#### ABOUT THIS TASK:
Please reproduce exactly, and only, the lines from the one with "HYUNDAI ТА UBER" through the last line of the listing below, both ends included, leaving out the pictures.

#### DATASET SECTION:
━━━━━━━━

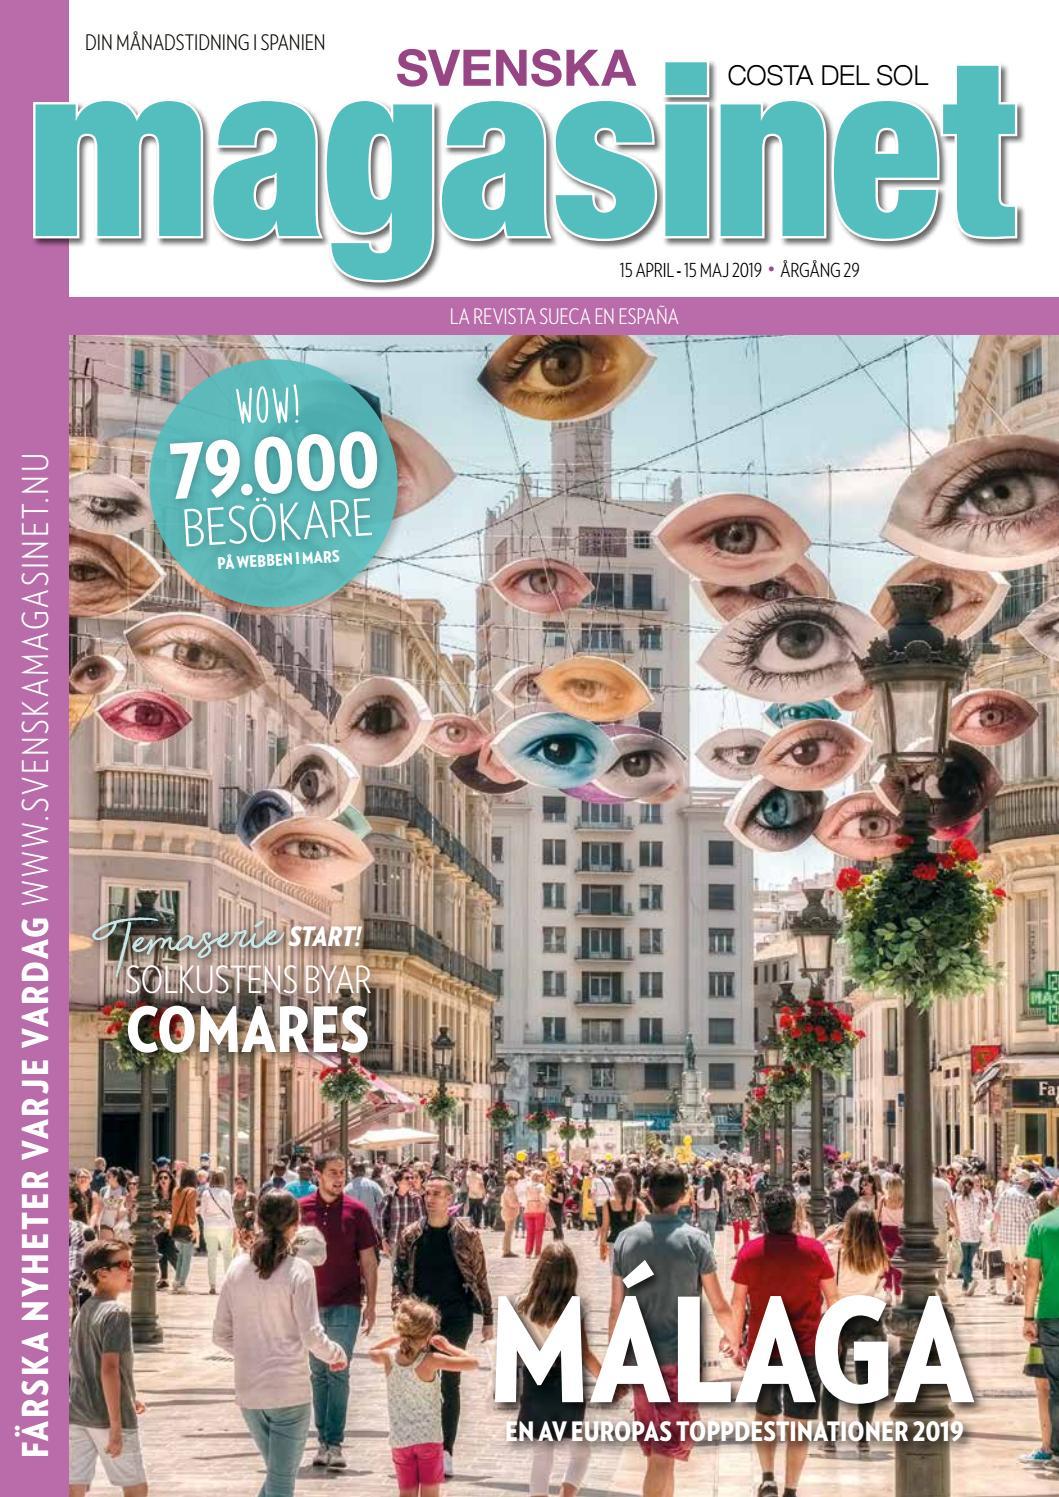 Bancone Bar Per Casa april_2019 by svenska magasinet, spanien - issuu
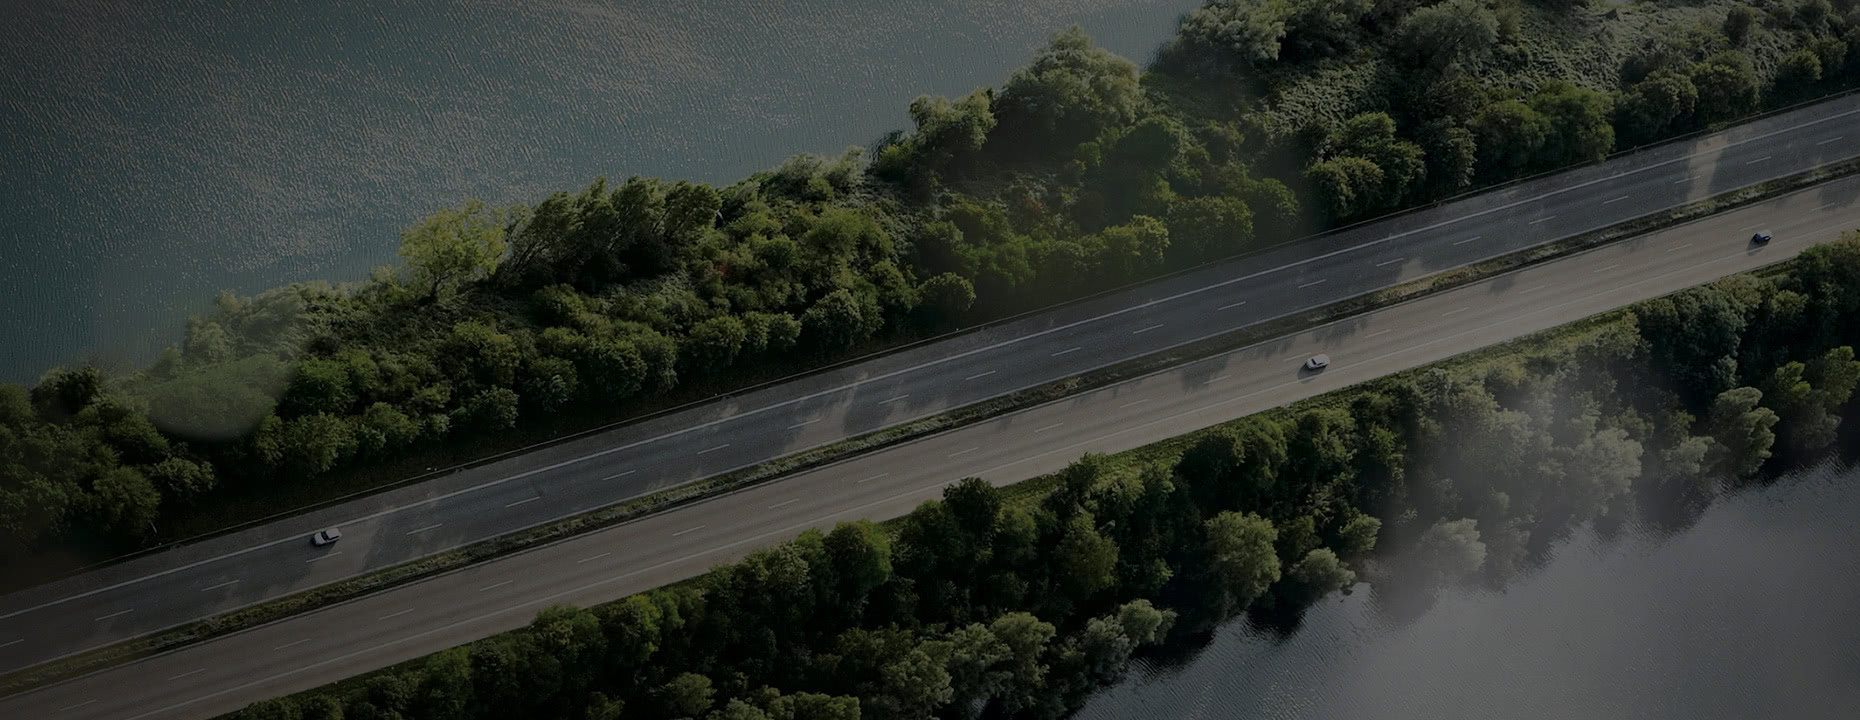 HYUNDAI ТА UBER ПРЕДСТАВИЛИ ЕЛЕКТРИЧНЕ АЕРОТАКСІ | Автотрейдінг-Одесса ДП - фото 11
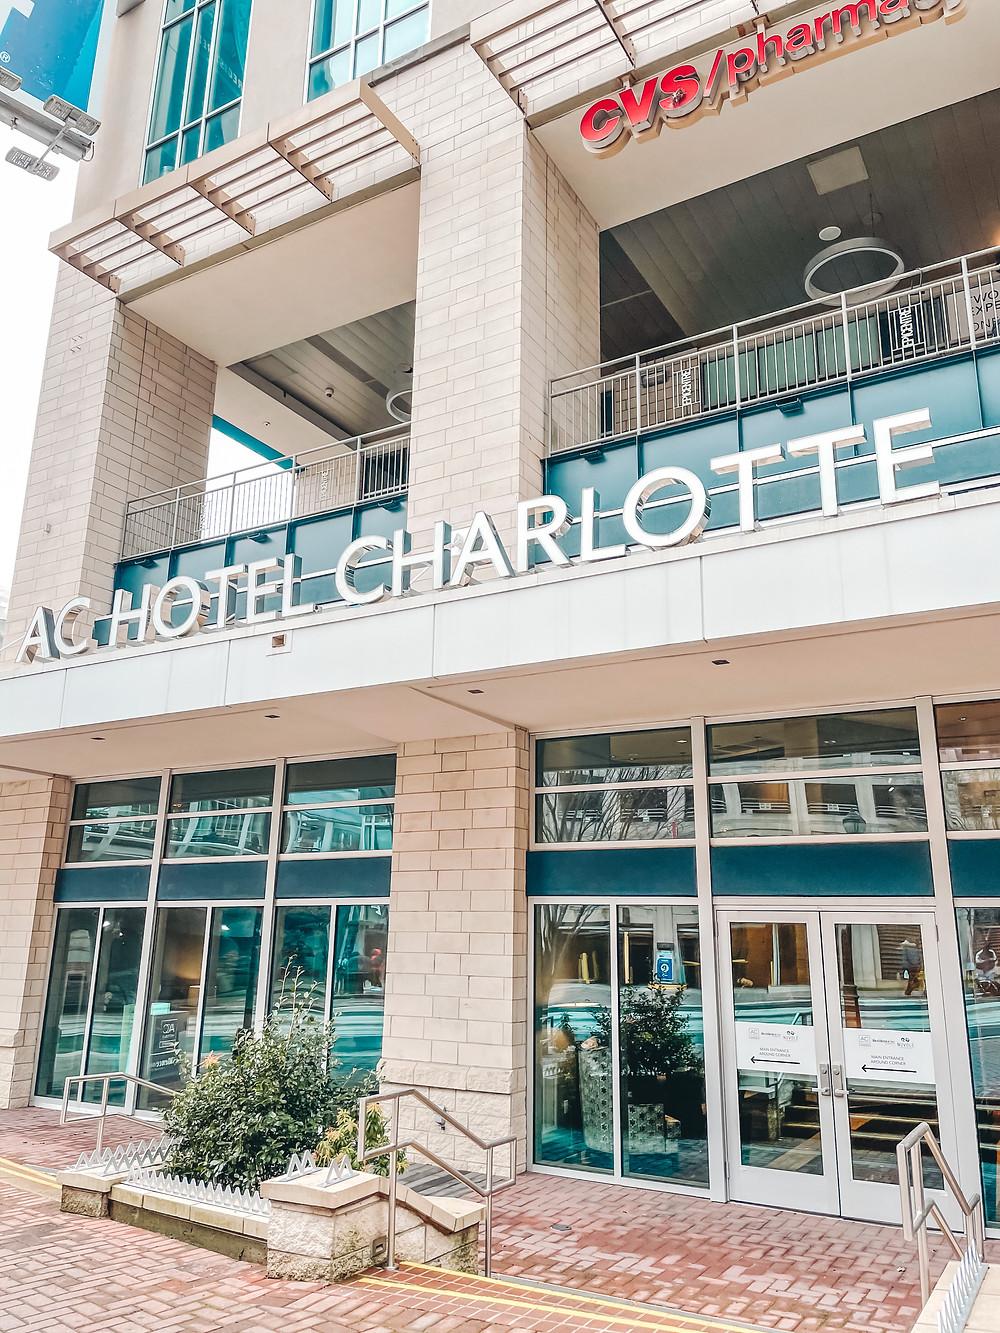 AC Hotel Charlotte
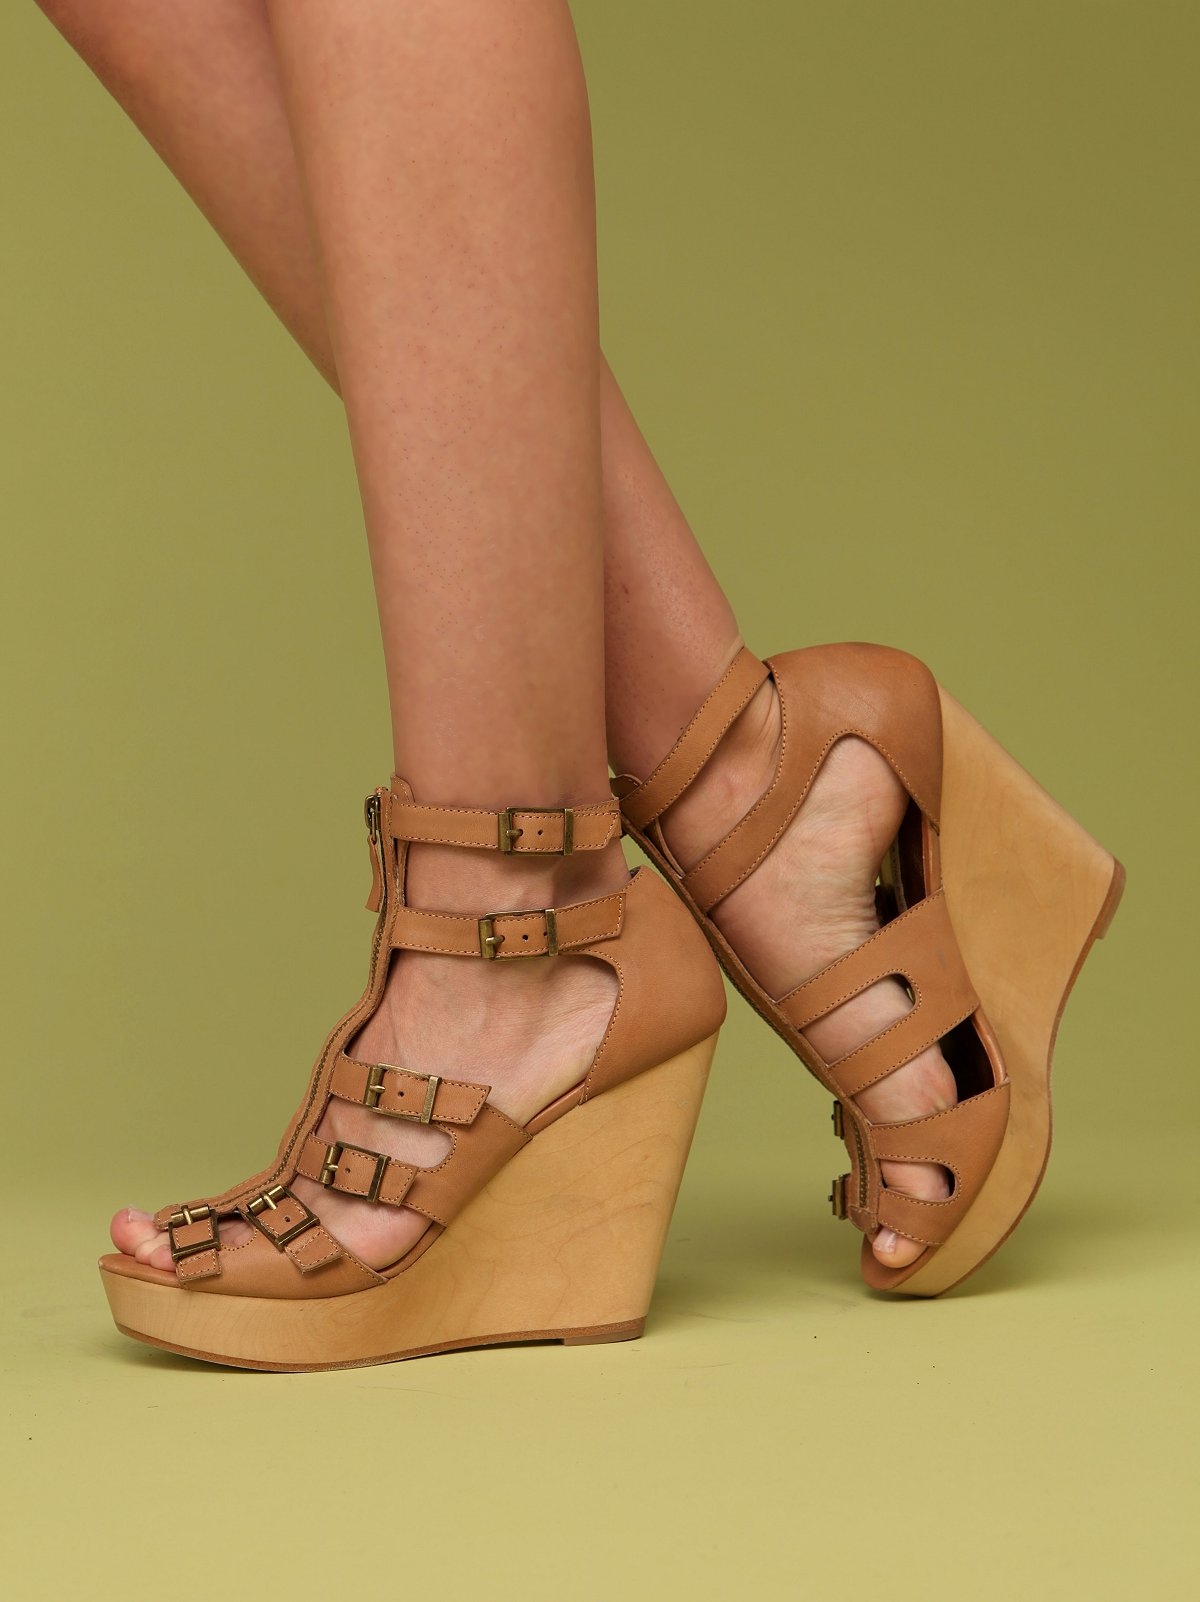 Luella Zip Front Platform by Cynthia Vincent

━━━━━━━━

#### WRITTEN RESPONSE:
 HYUNDAI ТА UBER ПРЕДСТАВИЛИ ЕЛЕКТРИЧНЕ АЕРОТАКСІ | Автотрейдінг-Одесса ДП - фото 11
 AC Hotel Charlotte
 Luella Zip Front Platform by Cynthia Vincent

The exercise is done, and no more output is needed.